Jacob Stupler, now deceased, was admitted to Peninsula General Nursing Home (petitioner), a voluntary not-for-profit nursing home, on October 15, 1973. He resided there until his transfer to a hospital on September 30, 1974. The petitioner nursing home was reimbursed for care and services rendered to Stupler under Medicare for the period October 15, 1973 to January 22, 1974, at which point Medicare benefits were exhausted. Petitioner is a participant in the New York State Medicaid Program which provides for direct payment to be made to participating nursing homes for services rendered by them to eligible individuals under section 366 of the Social Services Law. Medicare having been exhausted, petitioner applied for Medicaid coverage on behalf of Stupler which application was denied by the Social Services Department of the City of New York on the ground that Stupler was ineligible for this assistance because he received $29,684.66 from the sale of his house on April 15, 1974 (Social [270]*270Services Law, § 366, subd 1, par [e]). It is averred by petitioner that Stupler conveyed this property to his children on July 9, 1973 for no consideration and that they subsequently sold the premises to a third party for the aforesaid sum. By letter dated September 13, 1974, petitioner requested a fair hearing on its behalf with respect to the denial of the application which it submitted for nursing home care coverage by Medicaid on behalf of Stupler. Petitioner was informed that a fair hearing was scheduled for October 15, 1974 pursuant to a request by Jacob Stupler’s family. However, one week prior to this scheduled hearing, petitioner was apparently informed that the children of Jacob Stupler had withdrawn their request for same and that the hearing was canceled. Parenthetically, it appears Jacob Stupler died on September 30, 1974. Petitioner asserts that it should obtain reimbursement under Medicaid for services rendered to Jacob Stupler between January 23, 1974, when Medicare coverage was exhausted, and September 30, 1974, when he left the home. They base this assertion on the claim that the transfer by Jacob Stupler of his real property comes within the "homestead” exemption of section 366 (subd 2, par [a], cl [1]) of the Social Services Law. This claim was never subjected to scrutiny by the Departments of Social Services because of the administrative agencies’ unequivocal position that petitioner has no right to a fair hearing.
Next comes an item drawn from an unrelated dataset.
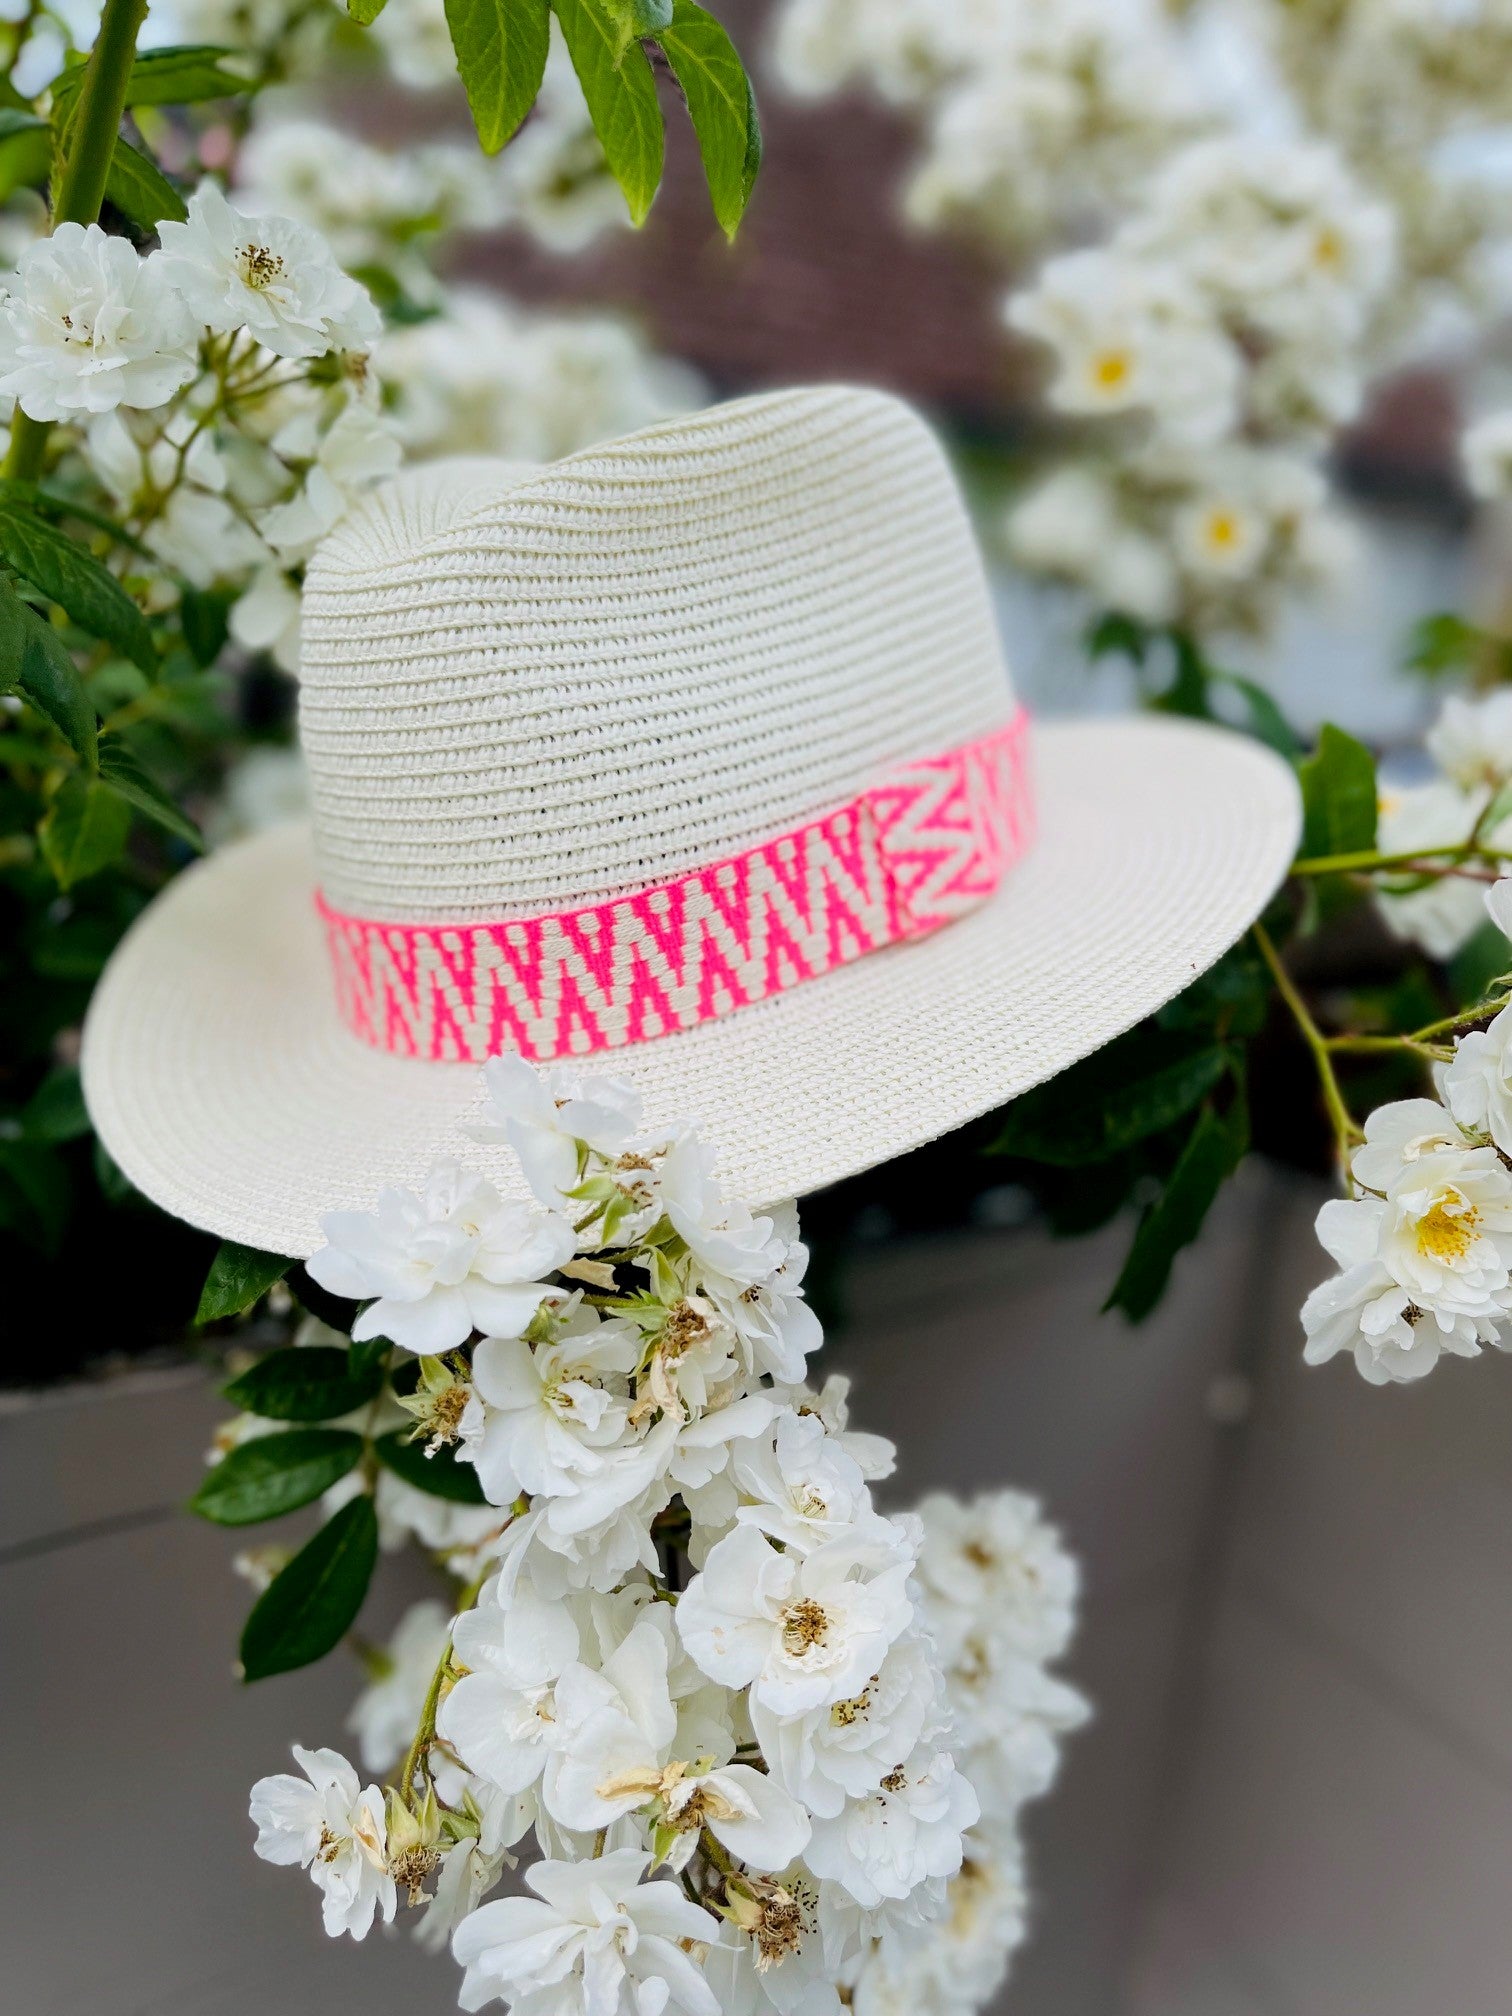 Summer straw fedora with neon pink band

We are only concerned in this appeal with whether petitioner should be afforded a fair hearing. The merits of petitioner’s claim as to the "homestead” exemption are, therefore, not considered.

Although an article 78 proceeding is not the proper vehicle to attack the constitutionality of a legislative enactment, the court is empowered to treat the proceeding as an action for declaratory judgment and proceed accordingly (Kovarsky v Housing Development Administration of City of N. Y., 31 NY2d 184; Matter of Lakeland Water Dist. v Onondaga County Water Auth., 24 NY2d 400; Matter of Fritz v Huntington Hosp., 39 NY2d 339, 347). This is what Special Term did.

Respondents-appellants contend that since section 366 of the Social Services Law and the regulations promulgated thereunder (18 NYCRR 358.1 et seq.) are silent concerning the right of a provider of medical services to obtain administrative review of the local agency determination, petitioner lacks standing to request such review. However, in Boryszewski v [271]*271Brydges (37 NY2d 361, 364), the Court of Appeals declared: "We are satisfied that the time has now come when the judicially formulated restriction on standing (which we recognize has had a venerable existence) should be modified to bring our State’s practice with respect to review of State legislative action into conformity not only with the practice in the majority of other States but also with the procedural standing of taxpayers to challenge local actions (General Municipal Law, § 51). We are now prepared to recognize standing where, as in the present case, the failure to accord such standing would be in effect to erect an impenetrable barrier to any judicial scrutiny of legislative action.” Under the standard enunciated in Boryszewski v Brydges (supra), petitioner does not lack standing to challenge the constitutionality of section 366 of the Social Services Law and the regulations adopted thereunder.

The fundamental purpose of the Medicaid law is set forth in section 363 of the Social Services Law as follows: "Medical assistance for needy persons is hereby declared to be a matter of public concern and a necessity in promoting the public health and welfare”. The achievement of that purpose clearly requires a co-operative effort in each instance of the hospital, patient and the social service department (Mount Sinai Hosp. v Kornegay, 75 Misc 2d 302). Under the Medicaid program, payment is made directly to the provider of medical services (here, the nursing home), not the patient. Petitioner persuasively argues that no rational basis exists to preclude the party with the real interest in receiving reimbursement from obtaining a fair hearing on the issue of whether the patient who is receiving care is eligible for medical benefits. Certainly, a facility that has met its obligation by providing services to the indigent who himself does not challenge the determination denying eligibility should be afforded an opportunity to review the determination rather than being left no recourse for compensation.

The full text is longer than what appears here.